JIS News

Education Minister, Rev. the Hon. Ronald Thwaites, says the Government is looking to make physical education (PE) mandatory for all school-aged children, in an effort to further encourage health and wellness in schools.

Rev. Thwaites said this will ensure that physical education is no longer “an optional extra, but a necessary part of the school experience." 

"By the end of November, I’m promised that we will have for (the scrutiny of the Ministry of Health) a comprehensive programme for the emphasis on physical education in schools," he noted.

Rev.
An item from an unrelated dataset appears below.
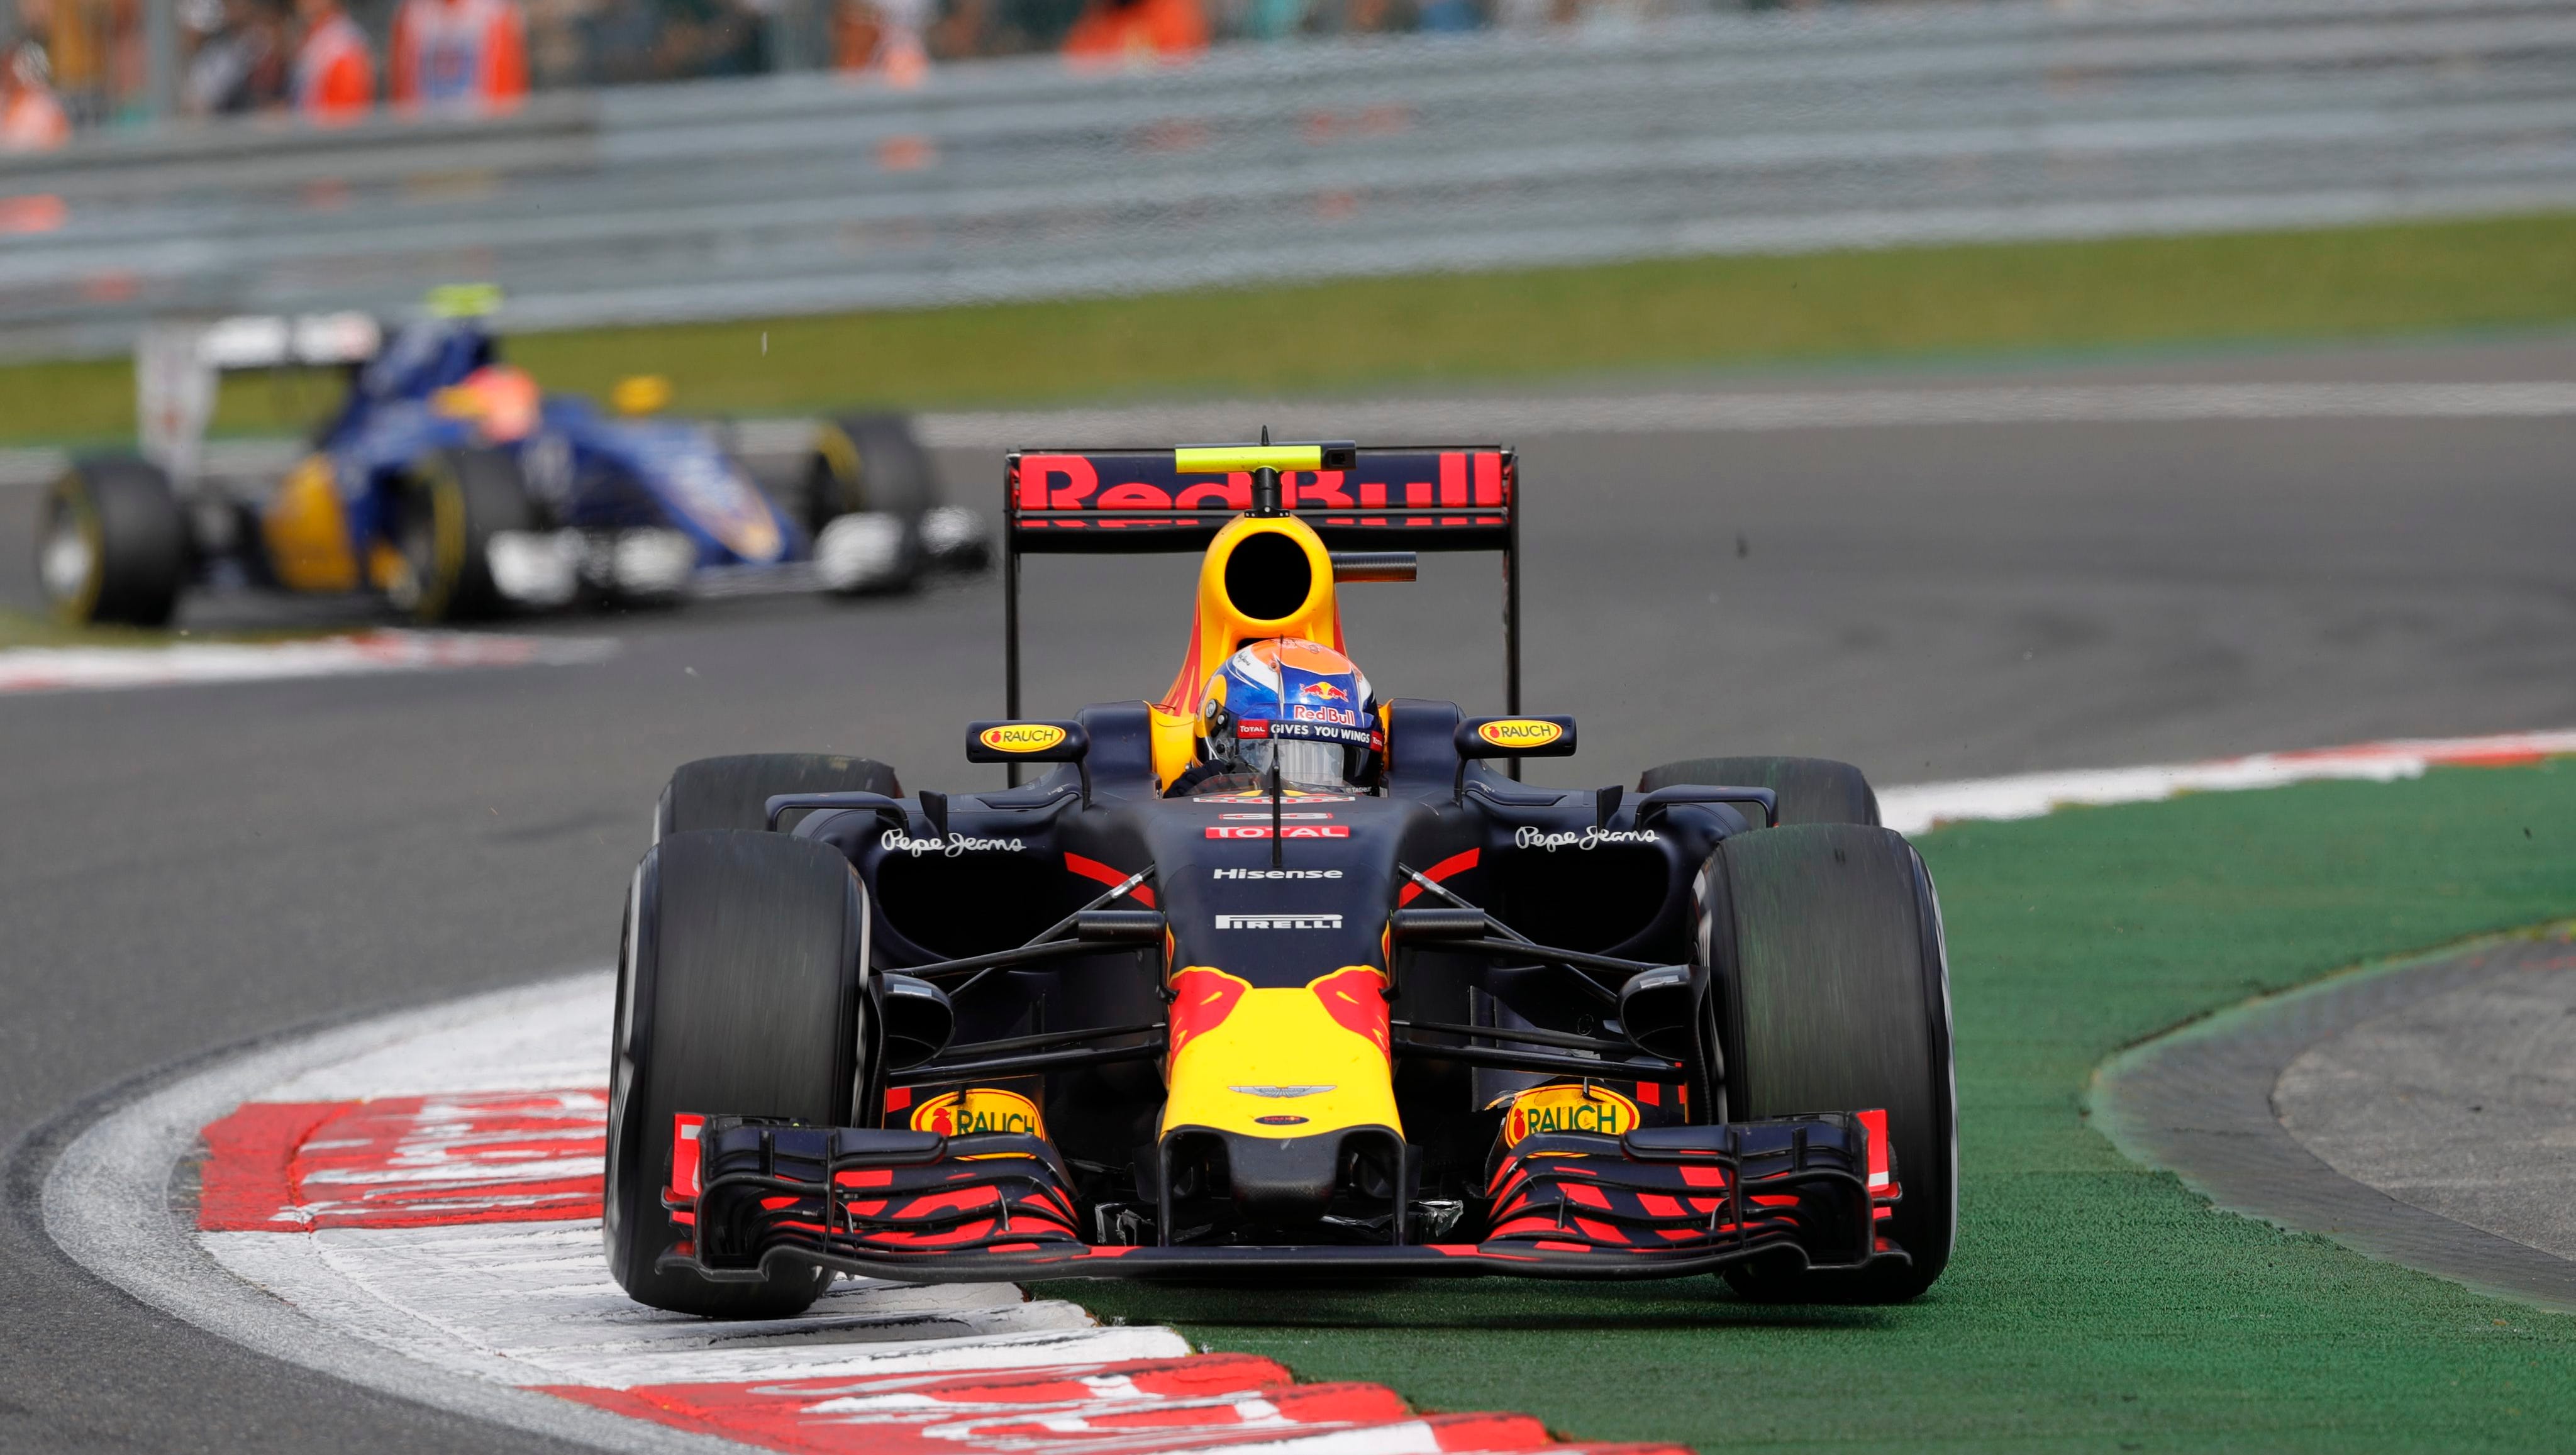 kwaadheid de vrije loop geven De lucht vieren Italian Grand Prix: Max Verstappen will be on hostile territory in Monza

Thwaites made the announcement during the launch of ‘Caribbean Wellness Day’, at the Ministry of Health’s downtown Kingston offices, on September 3.
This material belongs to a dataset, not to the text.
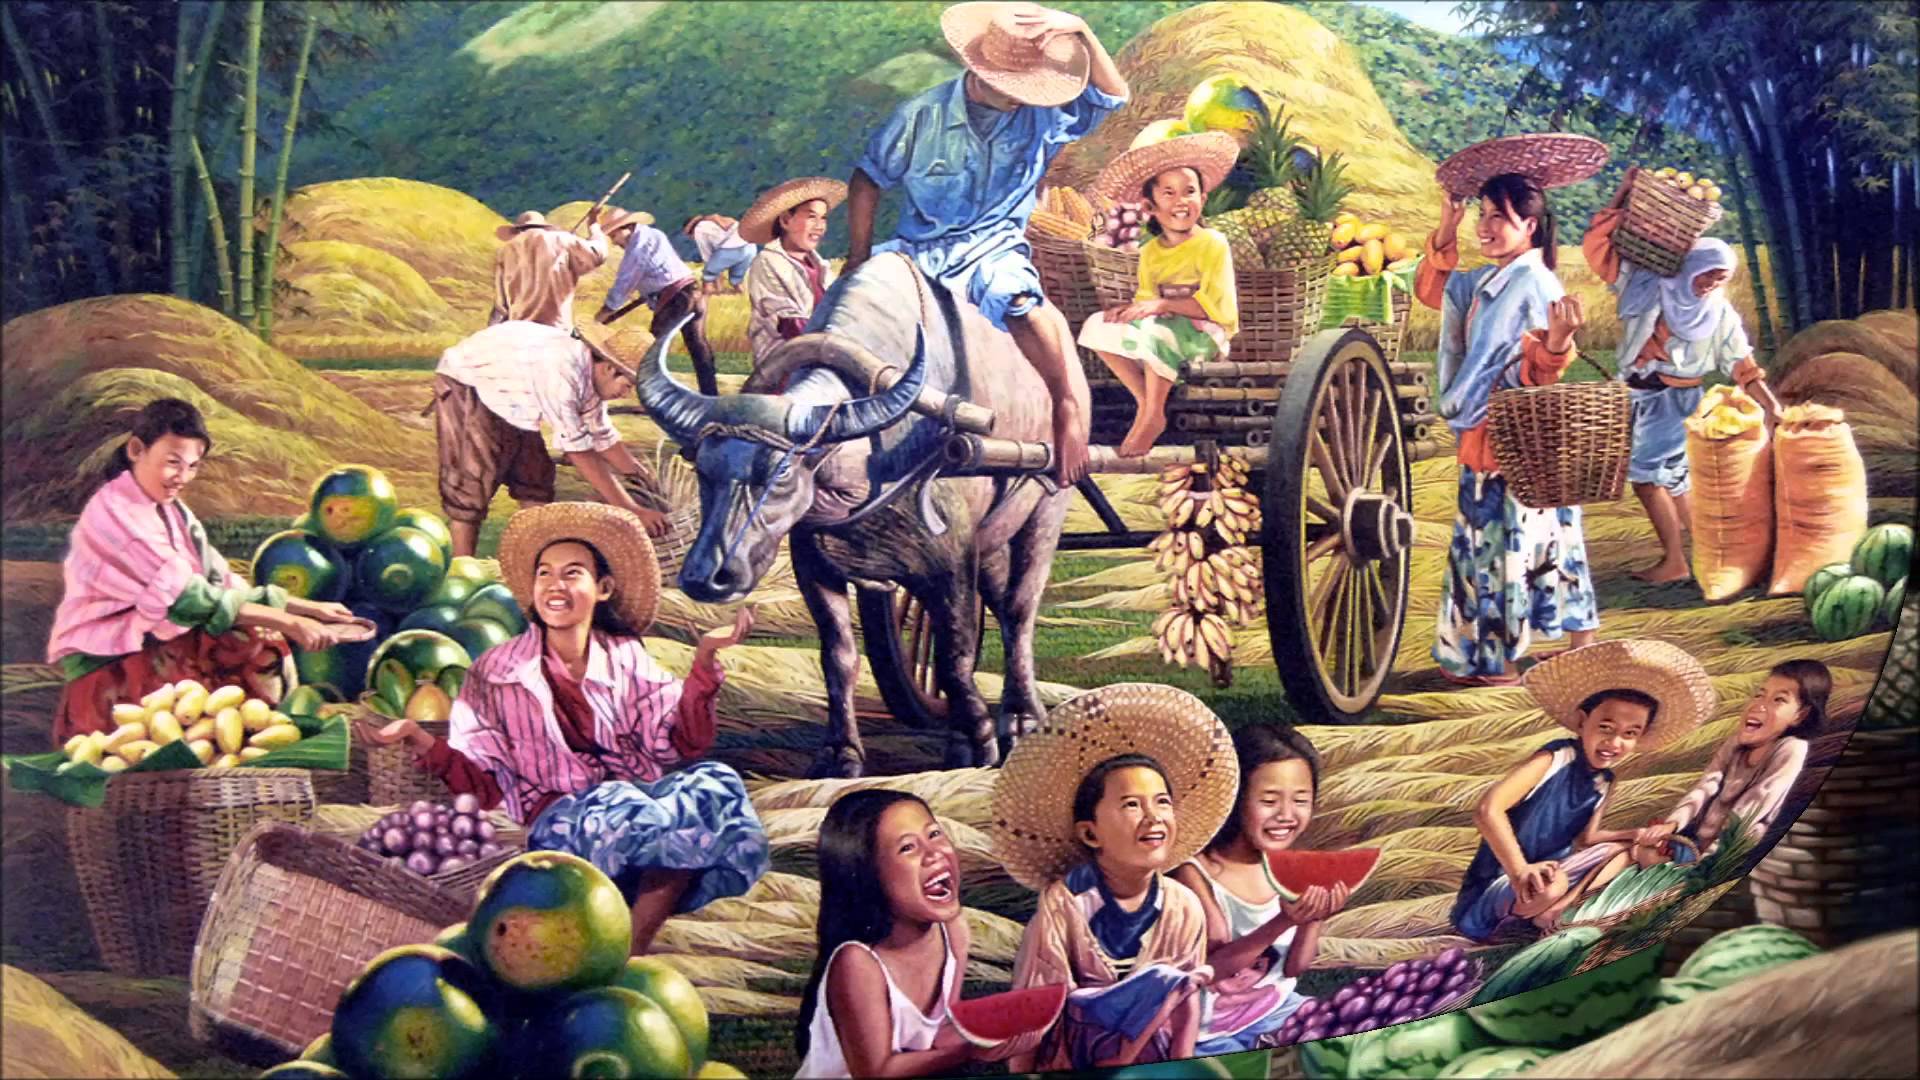 Philippines Art Wallpapers - Top Những Hình Ảnh Đẹp

Caribbean Wellness Day 2012 will be observed on September 8, under the theme: 'Healthy Schools make Healthy Communities that build Healthy Countries', and is being organised in partnership with the Ministries of Health, and Education, and the National Health Fund (NHF).

Meanwhile, the Ministries of Health, and Education have also combined resources in an effort to promote healthy lifestyle practices among all school-aged children across the island.
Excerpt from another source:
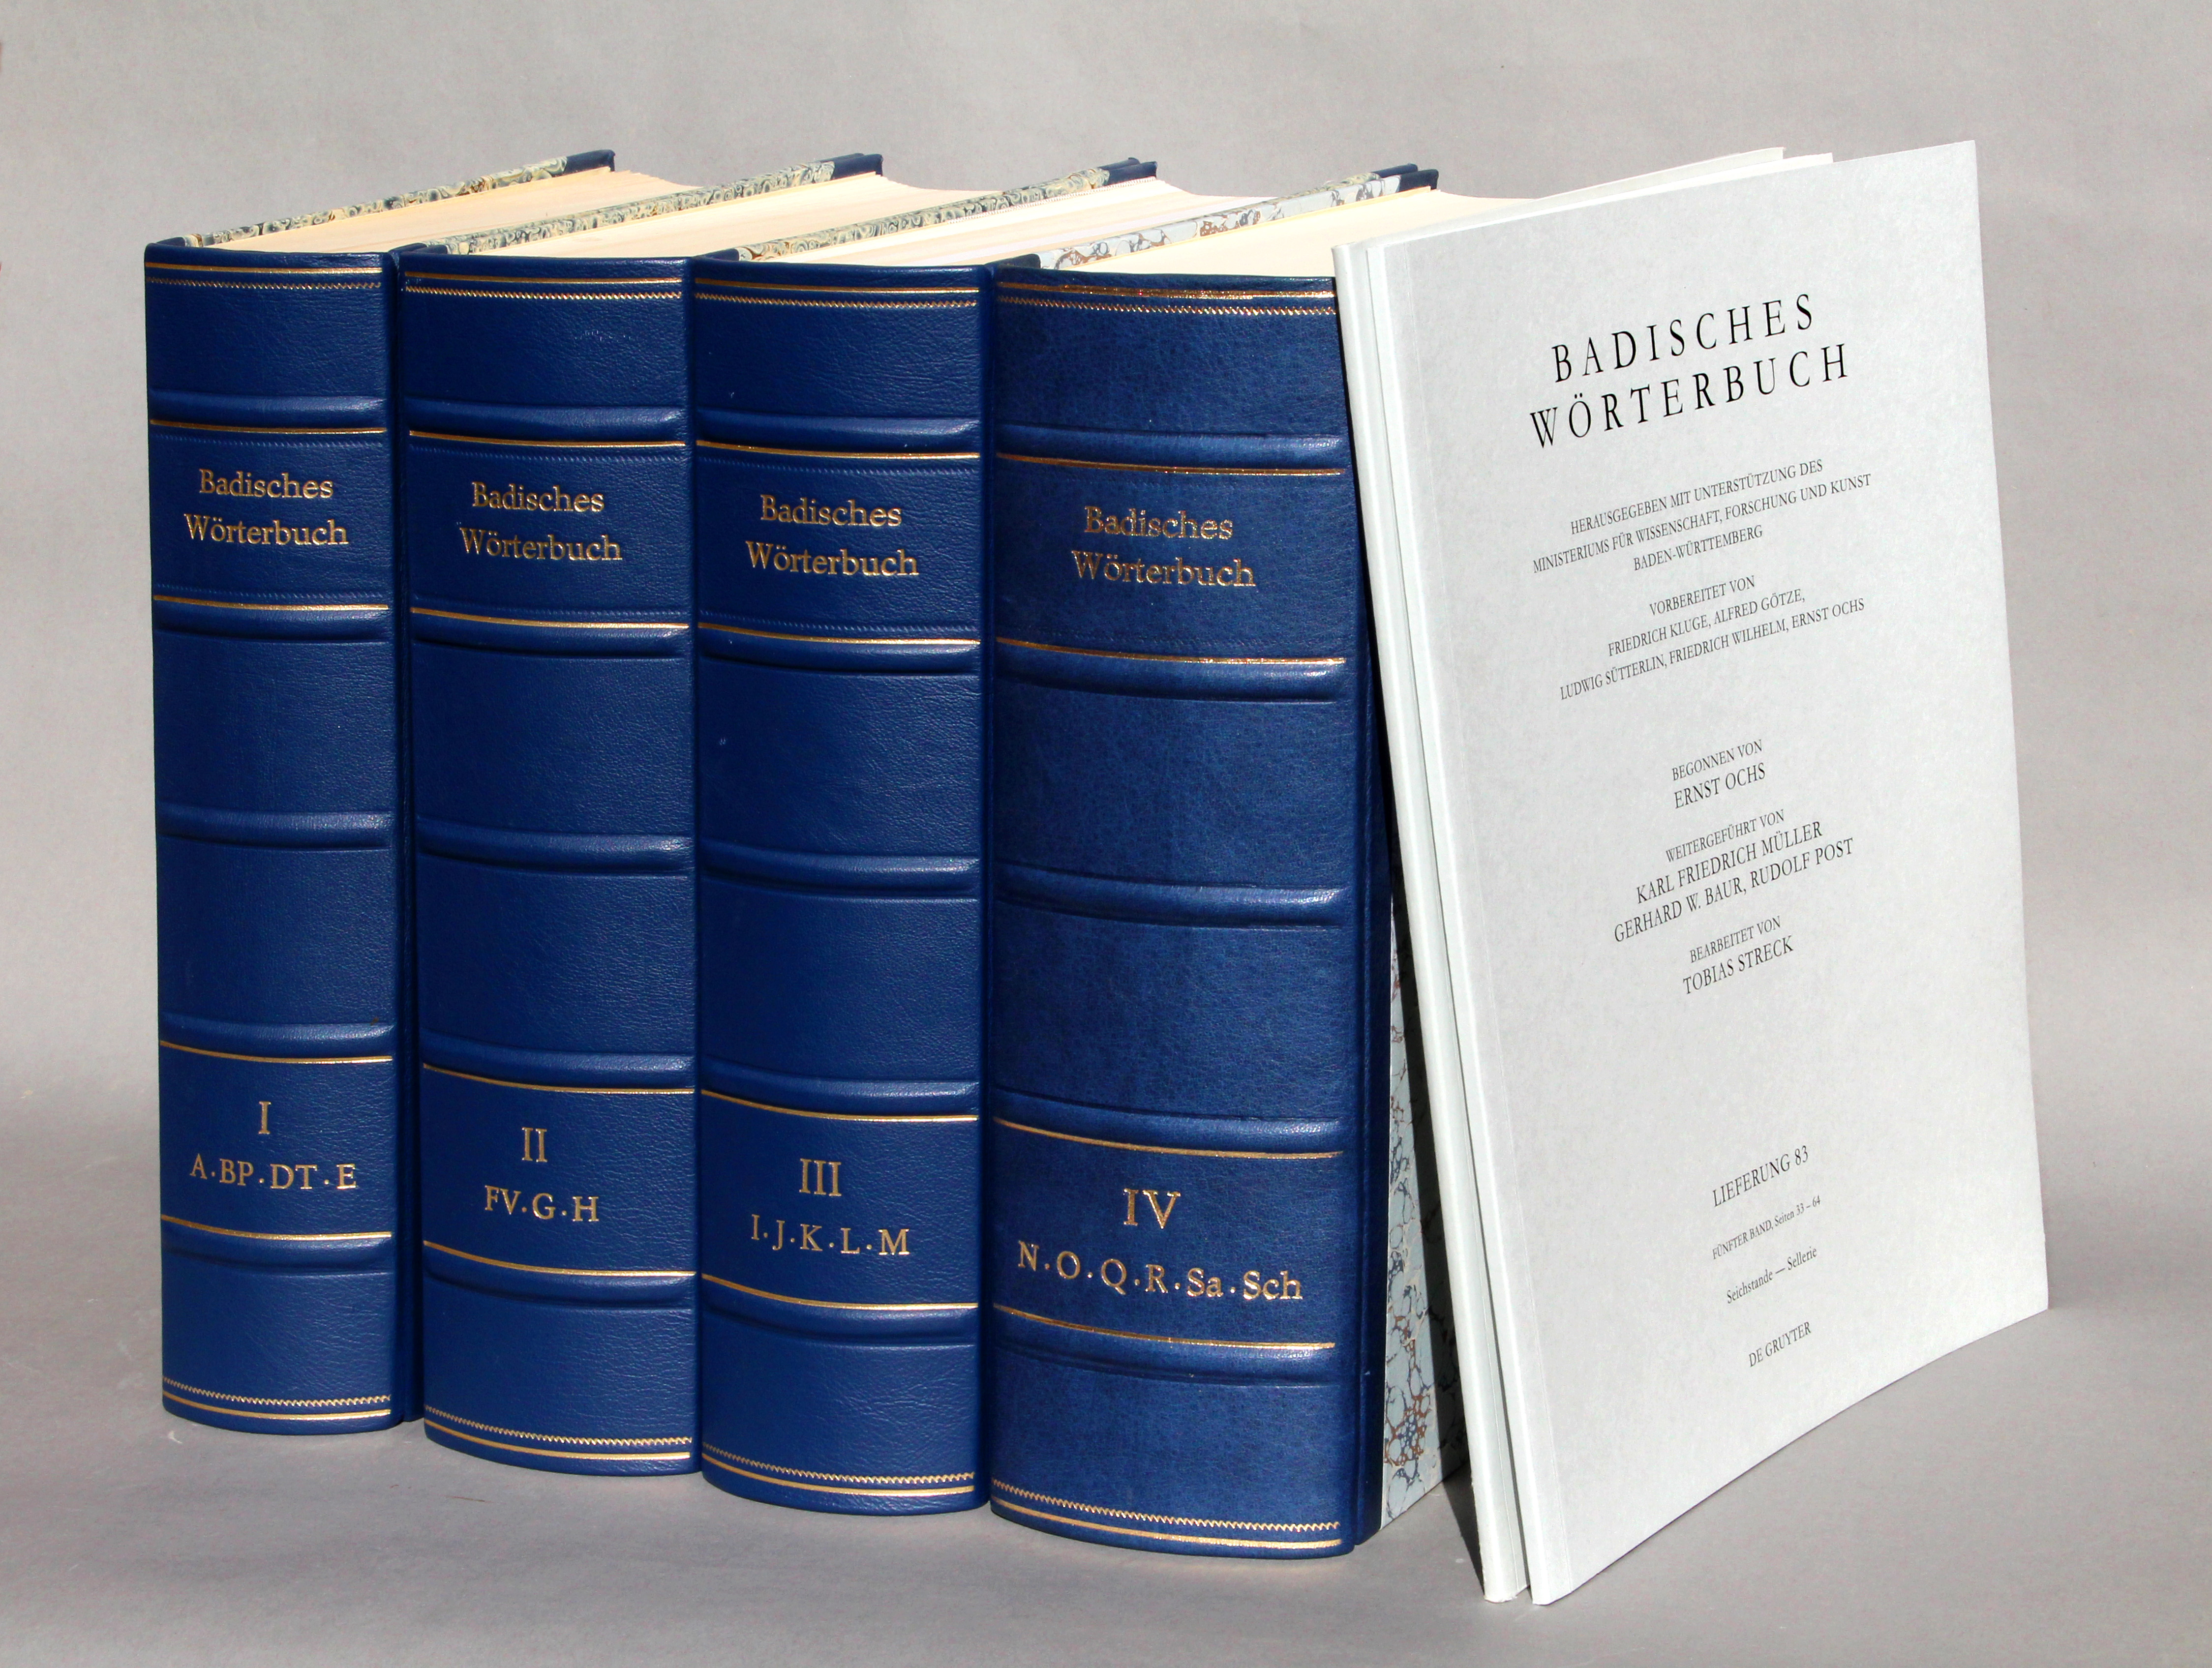 4Bd 
Badisches Wörterbuch

The programme, which is dubbed the 'Health Promoting Schools Initiative’, is geared towards empowering schools to facilitate healthy choices and the development of healthy behaviour from a young age.

Under the programme, areas to be addressed include nutrition, physical activity, mental health, substance abuse, environmental health, violence and injury prevention, and reproductive health.

Director, Health Promotion and Protection Unit, Dr. Kevin Harvey, informed that childhood obesity is already an epidemic in some countries, and is on the rise in most others, with an estimated 22 million children under five estimated to be overweight worldwide.

He informed that worldwide, obesity in adolescents and children of all ethnicities has increased nearly two-fold over the past 10 years.

Dr. Harvey noted that this is an important health concern for all governments, as childhood and adolescent obesity has both immediate and long-term health impacts.

"Obese youth are more likely to have risk factors for cardiovascular disease, such as high cholesterol or high blood pressure. They are also more likely to become overweight adults and therefore more at risk for associated adult health problems, including heart disease, type-two diabetes, strokes and several types of cancers,” he pointed out.

Dr. Harvey suggested that healthy lifestyle habits, including healthy eating and physical activity, can lower the risk of becoming obese and developing related diseases.